Needless to say, Hero was an international success from both a commercial and critical perspective. However, I found that the visually beautiful scenes often eclipse the film’s major themes. Some of the visual elements assist in emphasizing nationalism (surrounding a common Chinese identity), but often distract from some of the more troubling aspects of the film. Hero is meant to convey a sense of pride in a national identity, but it also implies that the masses are not capable of deciding their own fate. Instead, the masses must place their trust in the implied superior intelligence of the ruling body. Troubling indeed.

Hero is undeniably an entertaining film. Its visual elements are absolutely captivating and the plot will keep viewers on their toes. I would recommend watching this film for the quality of entertainment, but not for the content of its overall message. I believe it is certainly possible to enjoy Hero, but, as with any film, it is also important to maintain a critical eye towards the underlying themes.

Review of Spring in a Small Town

The love triangle explored in Fei Mu’s Spring in a Small Town takes on a new depth when set against China’s post-war backdrop of 1948. The film is narrated by Yuwen (Wei Wei), a young woman stuck in an depressing marriage to her sick husband, Liyan (Shi Yu). The two characters feel weighed down by Liyan’s illness and despair, the latter caused by the destruction of his home during the war. The arrival of Zhang (Li Wei), an old friend of Liyan and former romantic interest of Yuwen, shakes the household to its core. Over the course of the film Yuwen and Zhang are drawn to each other more and more, struggling to leave the past behind when the present is so dim.

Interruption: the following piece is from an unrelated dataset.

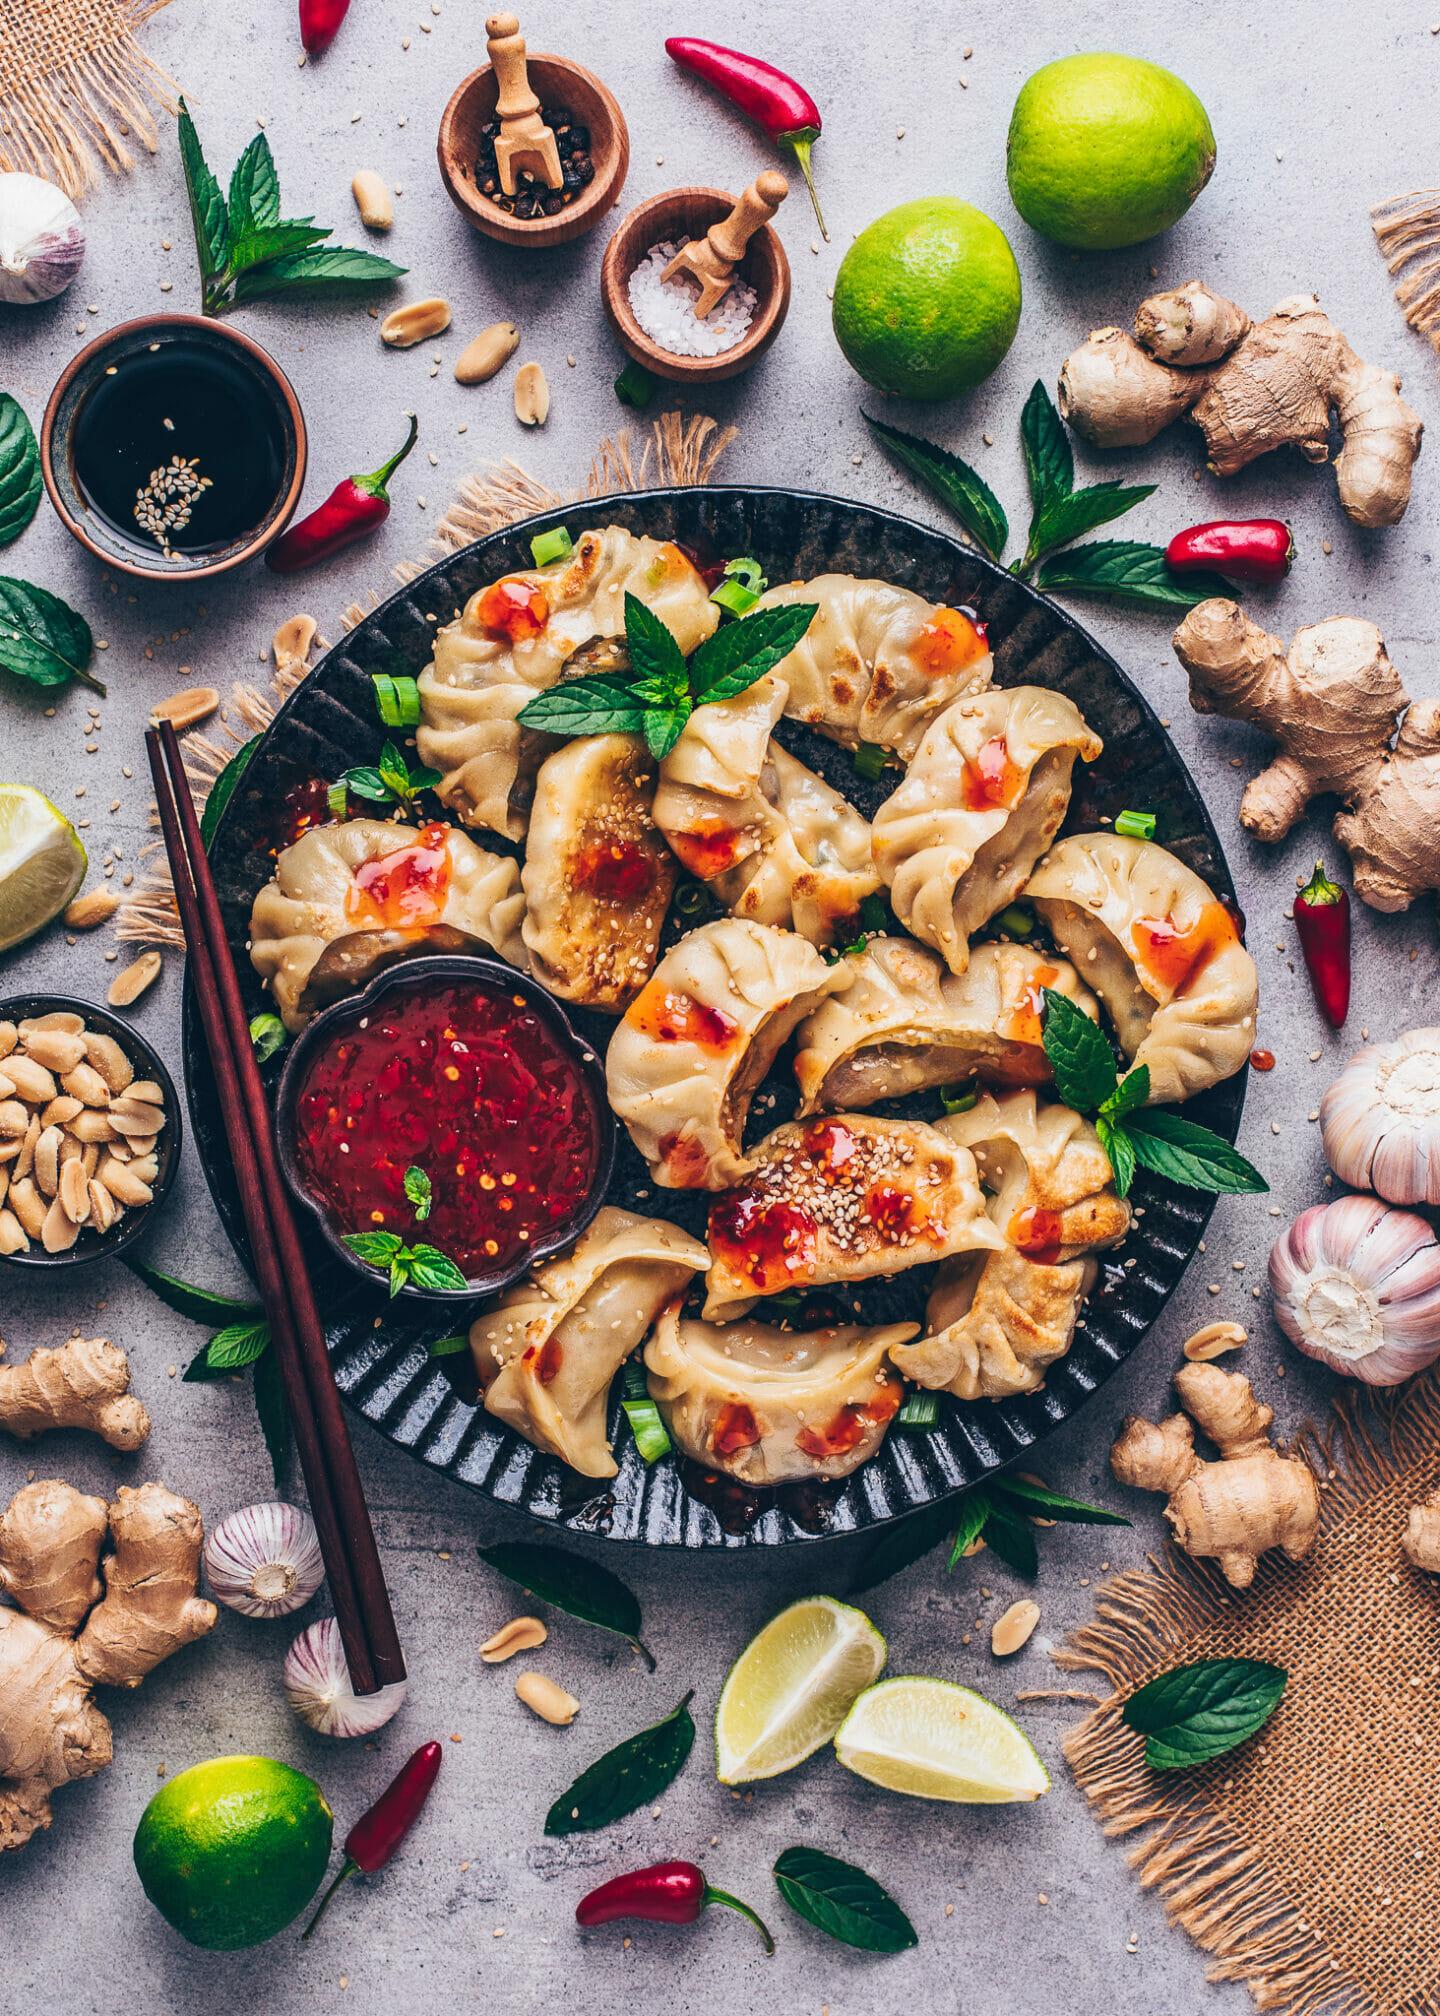 Gyoza Dumplings with Sweet Chili Sauce

Spring in a Small Town takes place after the war with Japan and the Chinese Civil War in 1945. Film production slowed drastically during the Japanese Occupation, and Spring was created when film production resumed. Spring in a Small Town was the last film directed by Fei Mu before he was forced to flee to Hong Kong to avoid persecution during the Communist Revolution. After his arrival in Hong Kong in 1949, Fei did not make any more films before his death in 1951. Spring is considered to be Fei’s greatest accomplishment, although he and his works fell into obscurity until the 1980s following the Cultural Revolution.

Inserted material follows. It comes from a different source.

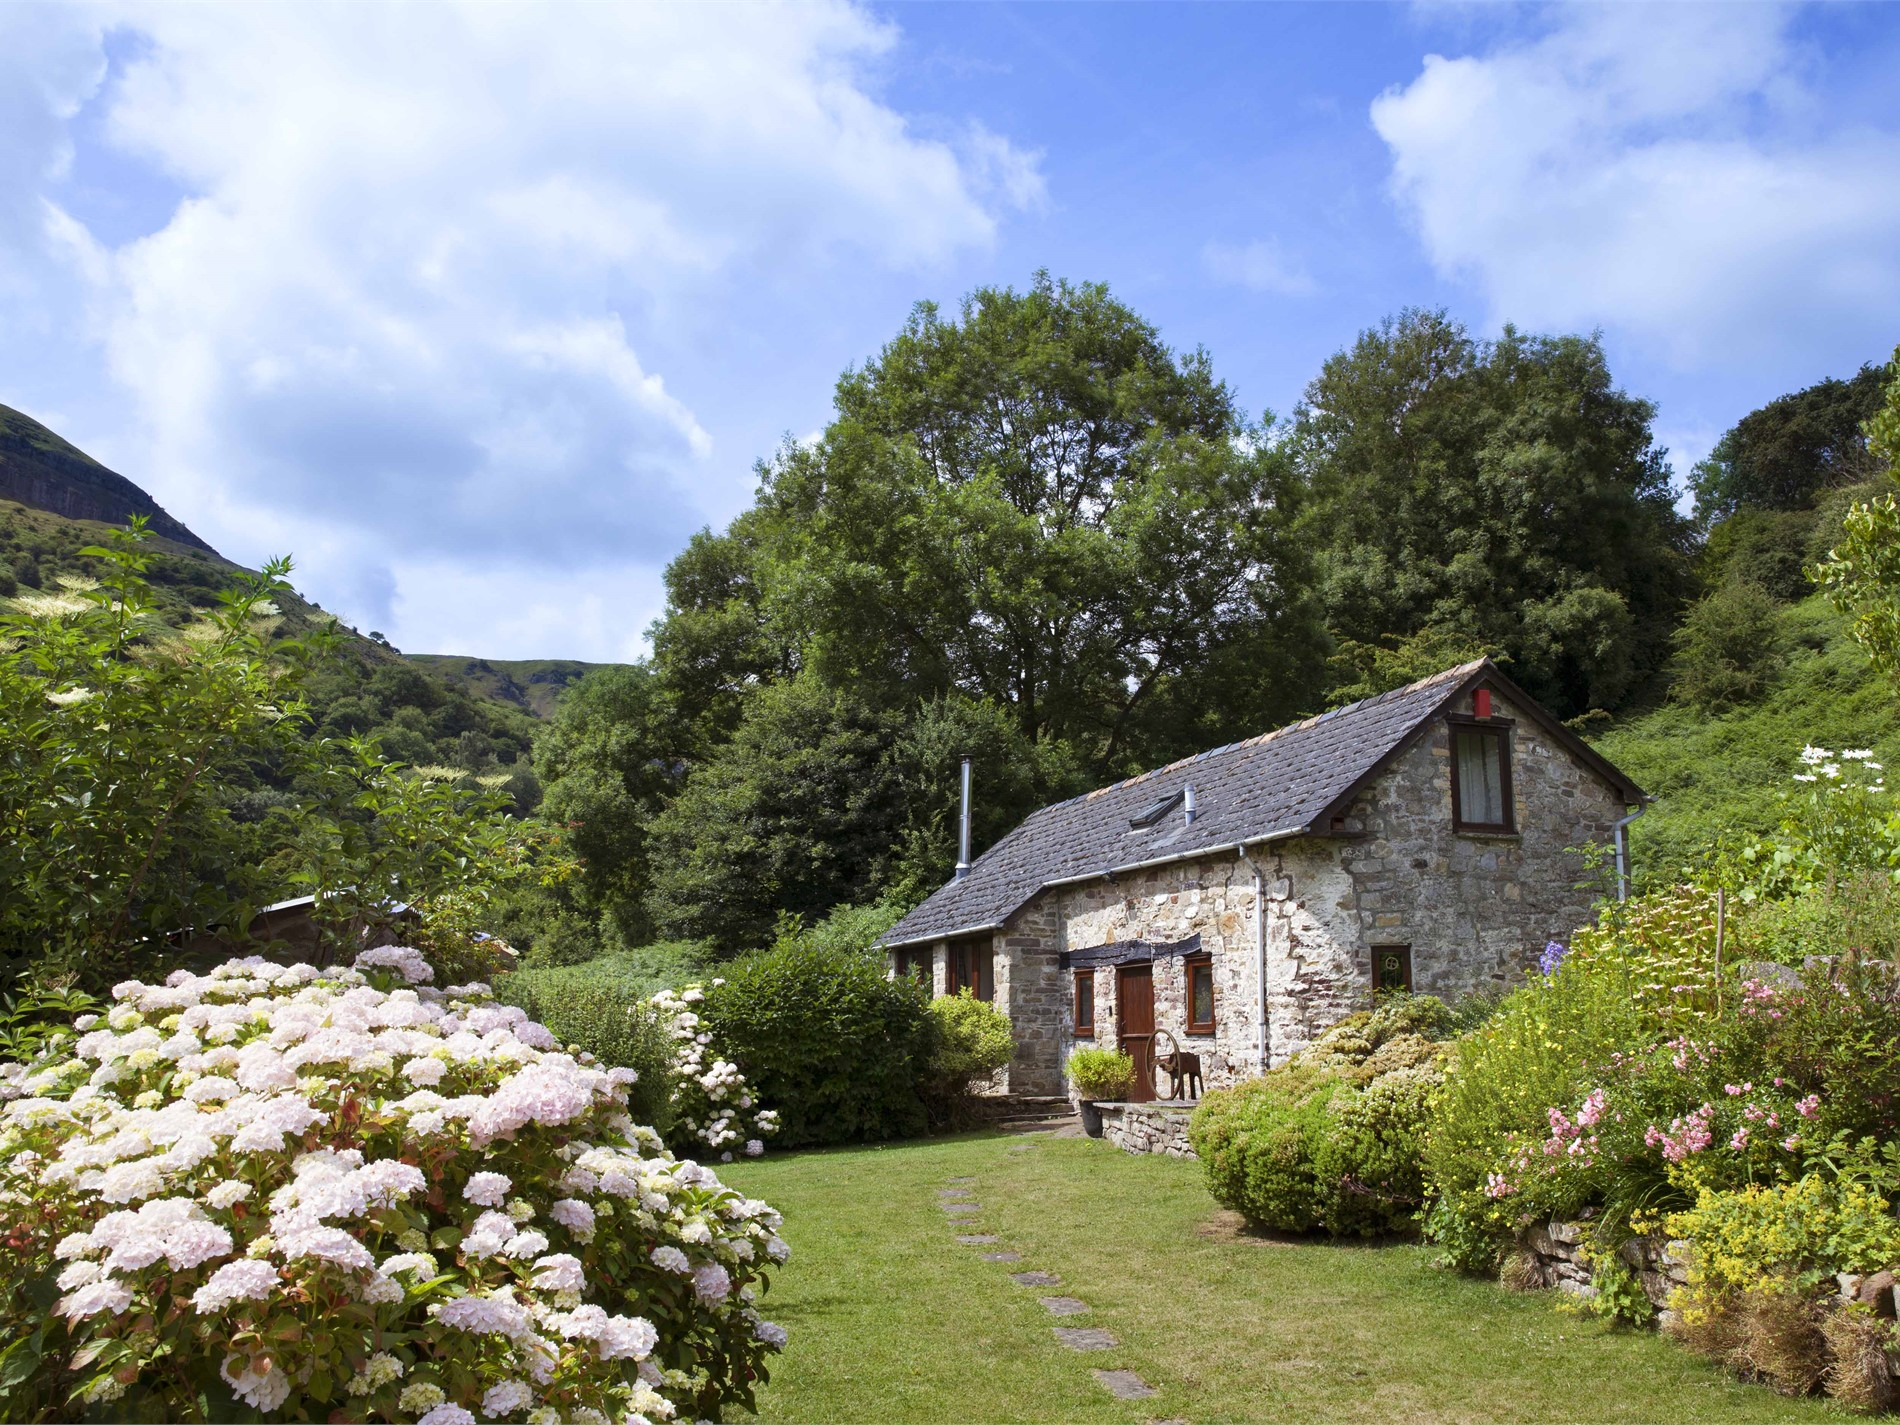 1 Bedroom Cottage in Crickhowell, Mid Wales

The theme of war and loss weighs heavily on the characters of Spring in a Small Town.  Amidst the crumbling rubble of their home, Yuwen and Liyan struggle to move into the future. Meanwhile Liyan’s alarmingly cheerful teenaged sister (simply referred to as “Meimei”, the word for “younger sister” in Chinese) represents China’s bright future. Zhang’s character is also rooted in the future. He wears western-styled clothing and works as a modern-day doctor, starkly contrasting Liyan and Yuwen’s traditional clothing and style of living.

Zhang’s arrival to the household adds a vitality sorely missing from the family (despite Meimei’s constant cheer). He serves a different purpose for every character, but provides a positive influence across the board. He is able to match Meimei’s excitement and playfulness, while inspiring hope in both Yuwen and Liyan. None of the characters want Zhang to leave, but his past relationship with Yuwen complicates the family relationships the longer he stays.

Zhang (Li Wei) and Luwen (Wei Wei) in Spring in a Small Town

The film is understated and demure, much like its heroine Yuwen. However, at times I thought the acting was trying to overcompensate for the film’s subtle nature. Yuwen’s character tends toward the dramatic, while Meimei’s intense cheerfulness is grating. Liyan, too, is guilty of dramatic antics, however he remains largely solemn throughout the film. Aside from Yuwen’s narration, the film features little dialogue, sometimes causing the pace to slow to a crawl. Many of the film’s most anticipated moments never come to pass, perhaps disappointing only American audiences not accustomed to loose ends.